His gigantic medical encyclopedia al-Qanun fi al-Tibb (The Canon of Medicine), comprising of upwards of a million words, has been used as the standard medical textbook up until the seventeenth century and is still widely considered a valuable resource for the study of medicine. It was printed thirty-six times in the fifteenth and sixteenth centuries alone (Ullman 1978) and is regarded as one of the most influential books in Europe during the Middle Ages and Renaissance (Siraisi 2001). The Canon of Medicine consists of five books with each book subdivided into various subjects, subsidiary subjects, summaries, and sections. The first book, also called al-Kulliyyat (The Collection), discusses the scientific background of medicine and anatomy such as physiology, symptomatology, and the principles of therapy. The second book has an account of the therapeutic properties of substances used in medicine. The third book is devoted to pathology and specific or localized ailments. Diseases that affect the whole body, such as fever, are discussed in the fourth book. Ibn Sina explained the mixing of drugs in the final volume, which is a book on pharmacology.
Ibn Sina, in his Canon, derives his system of medicine from the Greco-Roman physician Galen (Galen of Pergamon, modern day Bergama, Izmir, Turkey, 129-200 CE) who himself based his approach on Hippocrates (460-370 BCE). Ibn Sina also benefited from ar-Razi (Rhazes in Latin, 865-925 CE) and al-Majusi (Haly Abbas in Latin, died circa 990) to present a systematized and comprehensive view of the medical sciences of the time (Prioreschi 2003).
Ibn Sina is only one of many great minds of the Muslim World during the medieval era. There were other great minds such as Ibn Rushd (Averroes in Latin), Ali Kuscu, al-Farabi (Alpharabius), Omar Khayyam and many more whose multifaceted studies encompassed diverse scholarly fields such as exegesis, law, logic, metaphysics, mathematics, astronomy, and medicine.
The great Mesopotamia and Andalusia Civilizations – civilizations that were built by these brilliant scientists and philosophers – established the foundations of the science, art and philosophy of our age. The knowledge developed by the Muslim scholars was later transmitted to Europeans and enabled Europe to emerge from the Dark Ages and into the Renaissance. A Renaissance is also needed for the Muslim world today. This can only be possible when they can raise a new generation of scholars like Ibn Sina who can lead the society with their groundbreaking findings and illuminating interpretations.
References
- Colgan, Richard. 2009. Advice to the Young Physician. Springer, New York.

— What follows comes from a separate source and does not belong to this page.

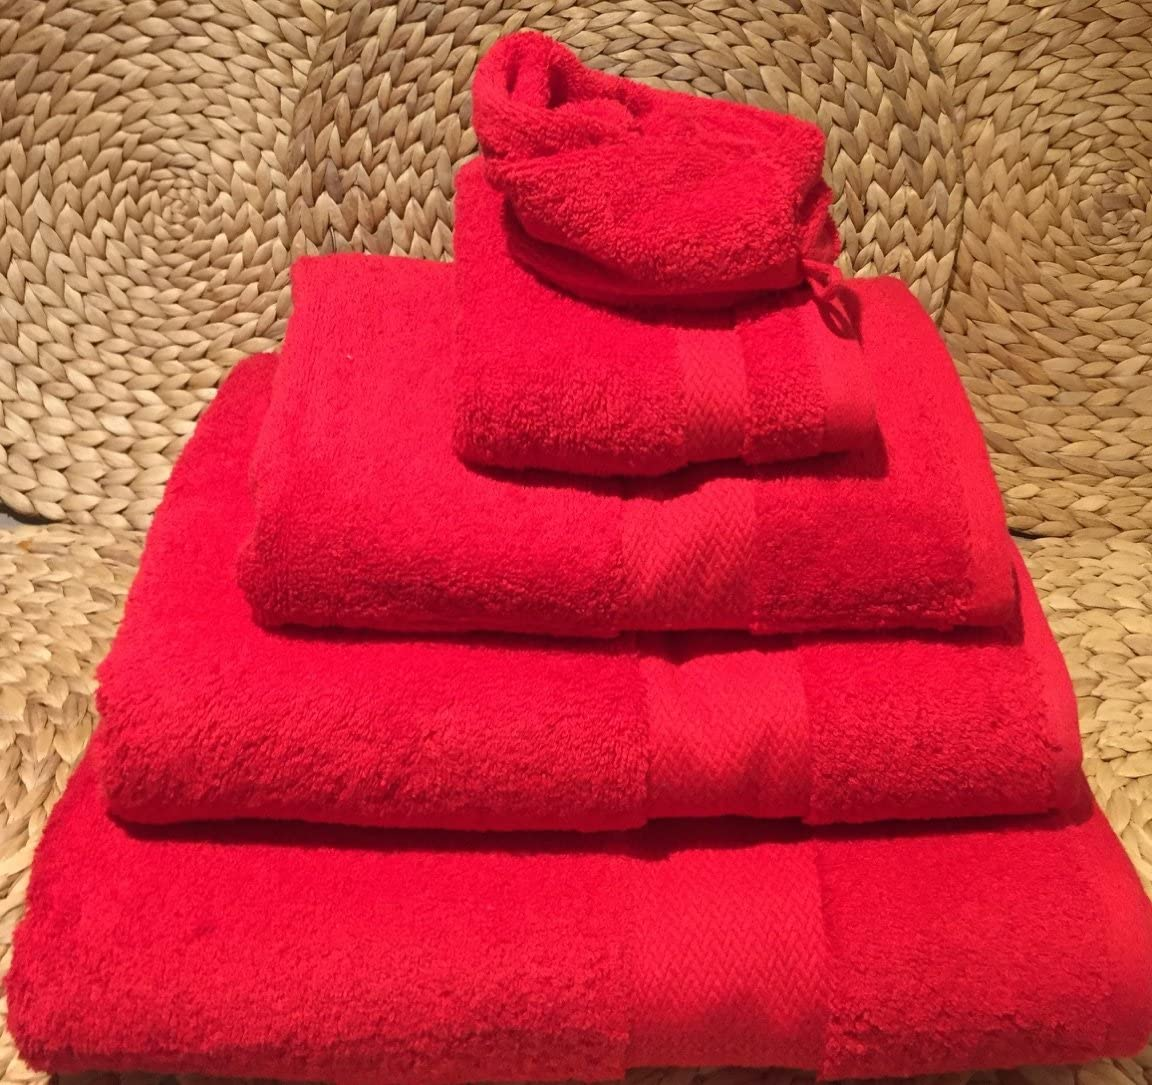 Salomé Prestige Maxi – Toalla de baño algodón Peinado 550 gr/m² Rojo 100 x 150: Amazon.es: Hogar

- Koch, Robert. 1999. A Life in Medicine and Bacteriology. ASM Press, Washington, D.C.
- Life and work of Anton van Leeuwenhoek of Delft in Holland; 1632-1723. Municipal Archives, Delft, 1980.
- McGinnis, Jon. 2010. Avicenna. Oxford University Press, New York.
- Prioreschi, Plinio. 2003. Medieval Medicine vol. 5: Medieval Medicine, Horatius Press, Omaha, Nebraska.
- Siraisi, Nancy. 2001. Medicine and the Italian Universities 1250-1600. Leiden, The Netherlands.
- Ullman, Manfred. 1978. Islamic Medicine. Edinburgh University Press, Edinburgh, United Kingdom.
- United States National Library of Medicine, MS A 53.